Another major factor for water savings for Israel is the nearly universal use of one of Israel’s most famous inventions, drip irrigation. This cuts water use by up to half. While the world average use is less than 5%, 90% of Israeli farmers use drip irrigation. The use of a plastic emitter in drip irrigation was developed in Israel by Simcha Blass in the late 1950s and in 1966 Israel’s Netafim corporation developed the world’s first dripper. Netafim is active globally today and has a successful local factory and agricultural turnkey project company based in Kraaifontein in the Western Cape.

Yet another Israeli success is an integrated national plan for development and management of an adequate water supply. Israel, given its hugely complex geopolitical situation, sees a secure supply of water as no less than a national security issue. Eilon Adar, director of Ben-Gurion University’s Institute for Water Research, says: “You have to impose more limitations on water. Local consumers have to give up some of their rights.”

Success or failure on these water issues will directly impact peace in my region. In late 2013, Israel, the Palestinian Authority and Jordan signed a memorandum of understanding on water management. Part of the agreement is increasing water sales from Israel to the Palestinians. Earlier this year, Israel and Jordan reached an agreement to share water to be produced by a planned desalination plant in Aqaba, from which salty brines will be piped to our shared Dead Sea. In return for its portion of the desalinated water, Israel will double its sale of Sea of Galilee water to Jordan on the countries’ north border.

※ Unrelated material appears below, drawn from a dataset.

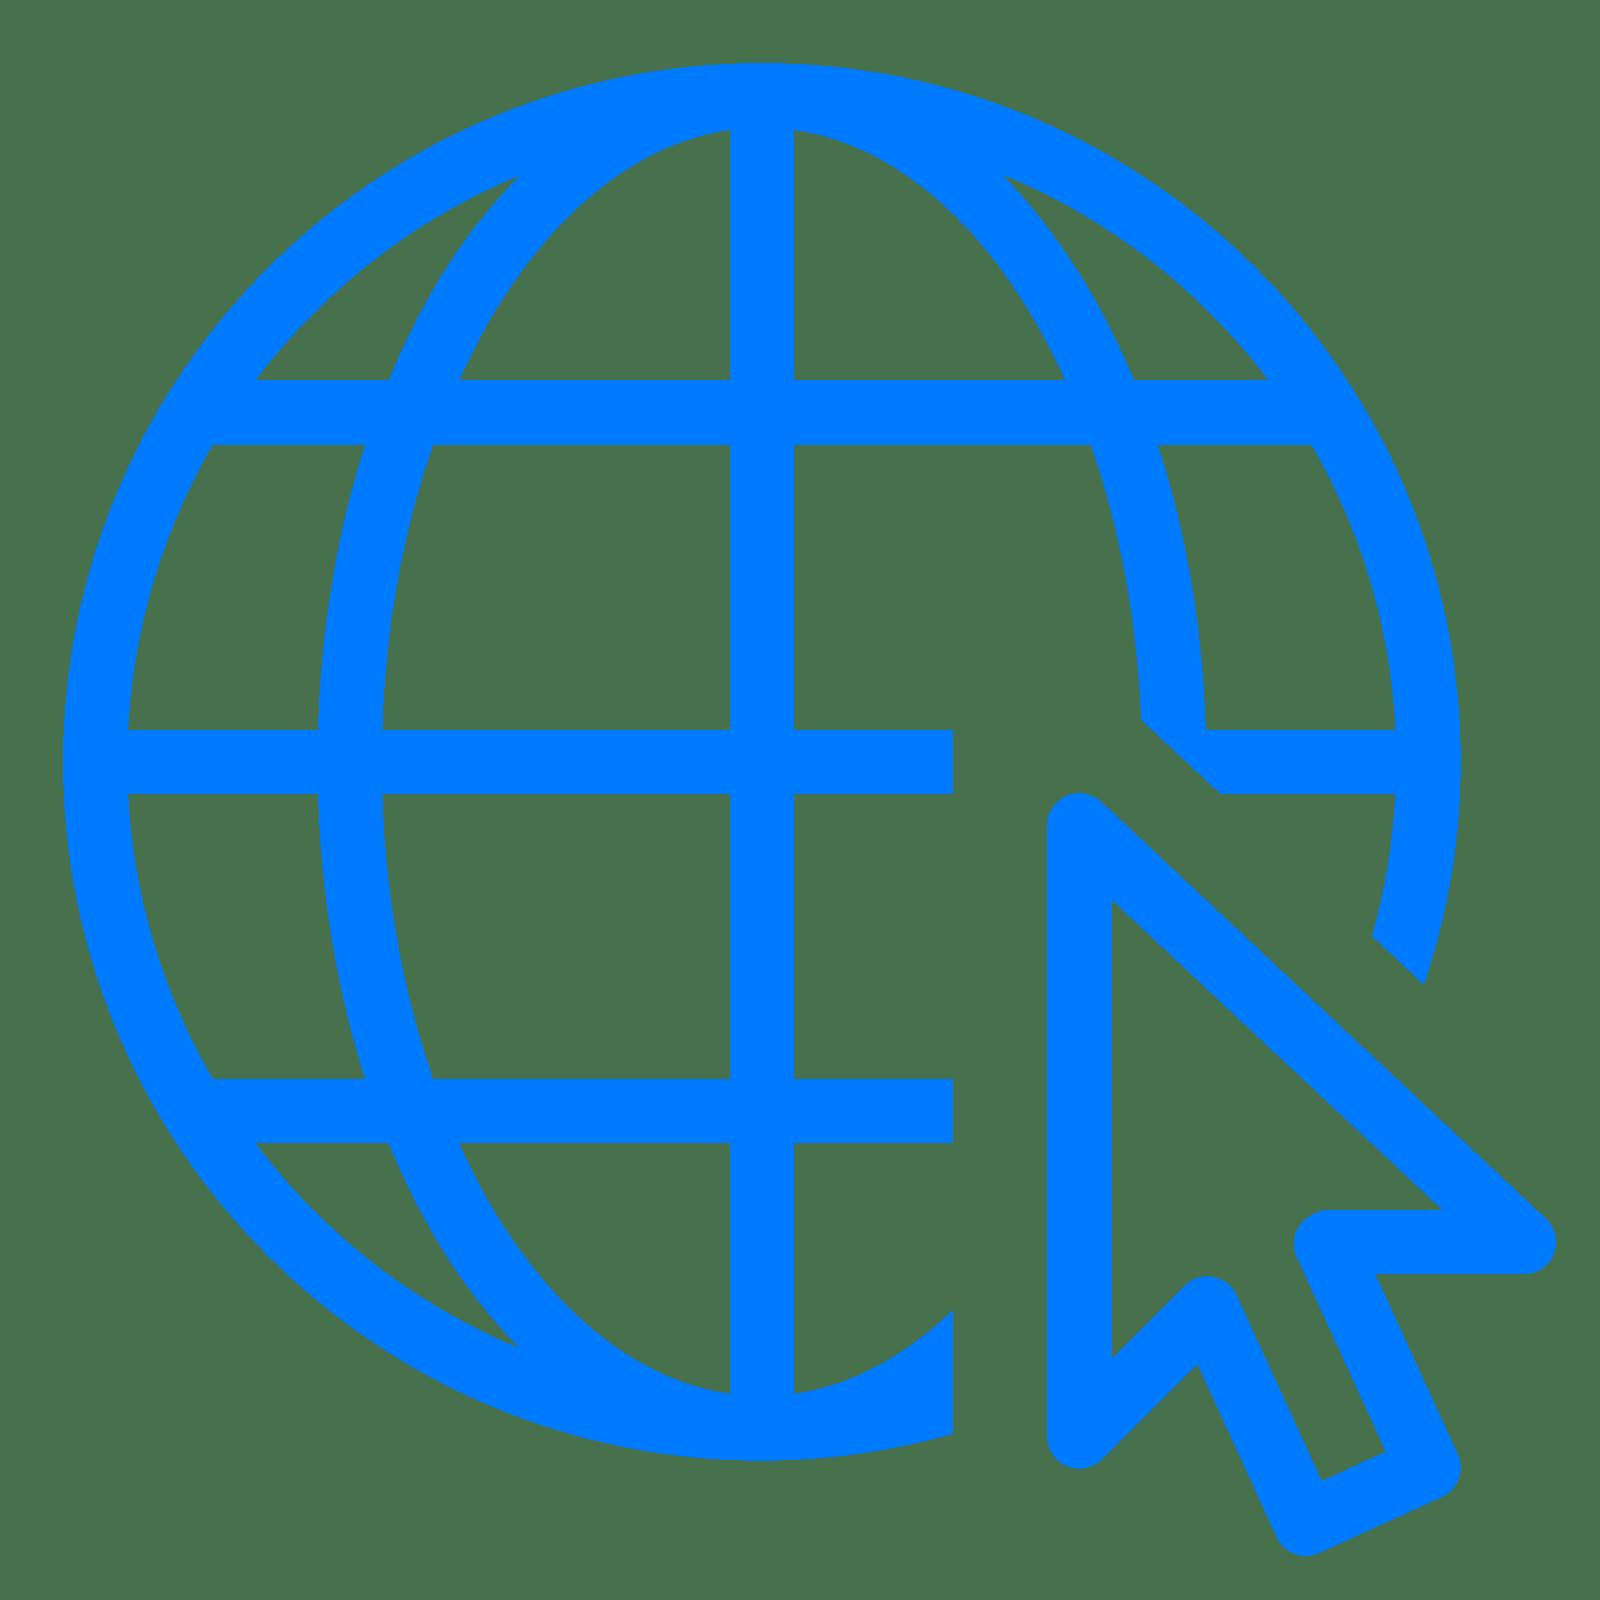 Internet Icon - Internet, Transparent background PNG HD thumbnail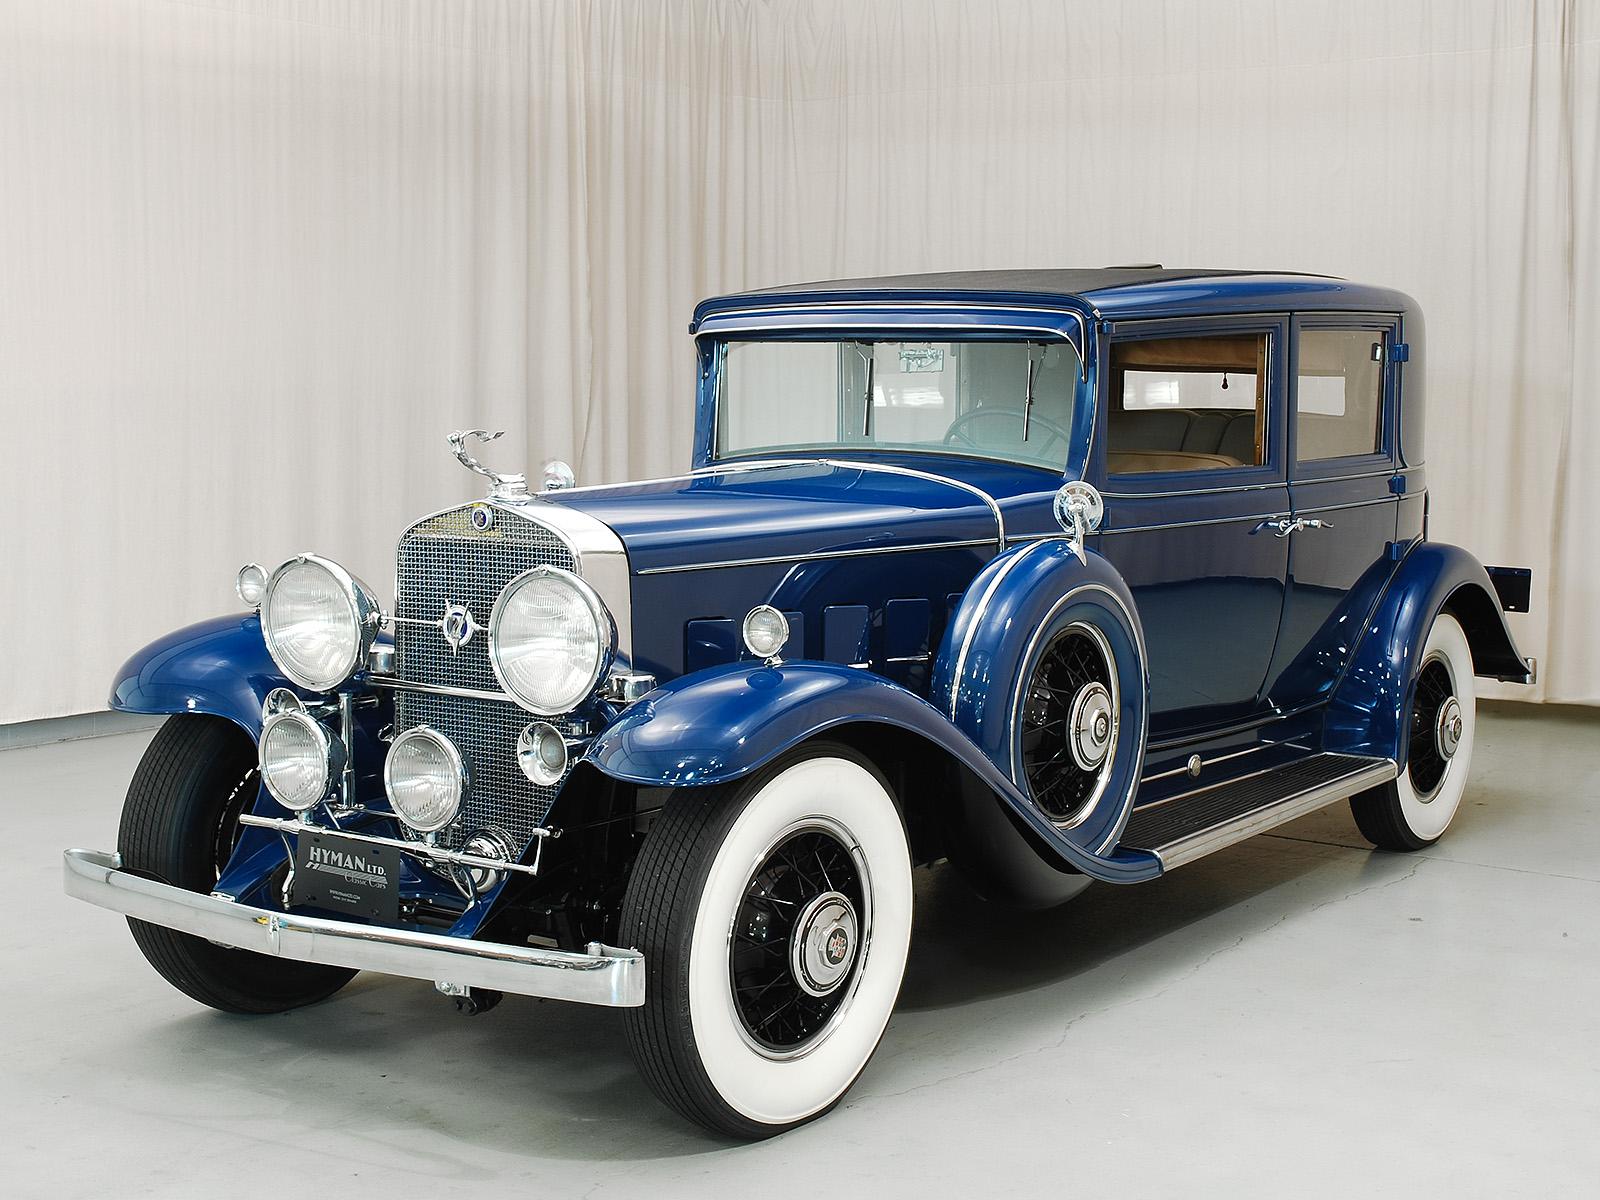 HQ 1931 Cadillac V12 Wallpapers | File 512.97Kb

Leading Israeli water management companies continue to share our innovation and experiences around the world and have shown interest in offering assistance here in South Africa. An impressive number of South African officials and business leaders visited Israel last month to take part in Israel’s famous WATEC conference and exhibition in Tel Aviv to learn more about the real potential for co-operation. This conversation between officials and the business communities of our two countries needs to be developed and deepened – it is in South Africa’s national interest.

* Arthur Lenk is ambassador of Israel to South Africa.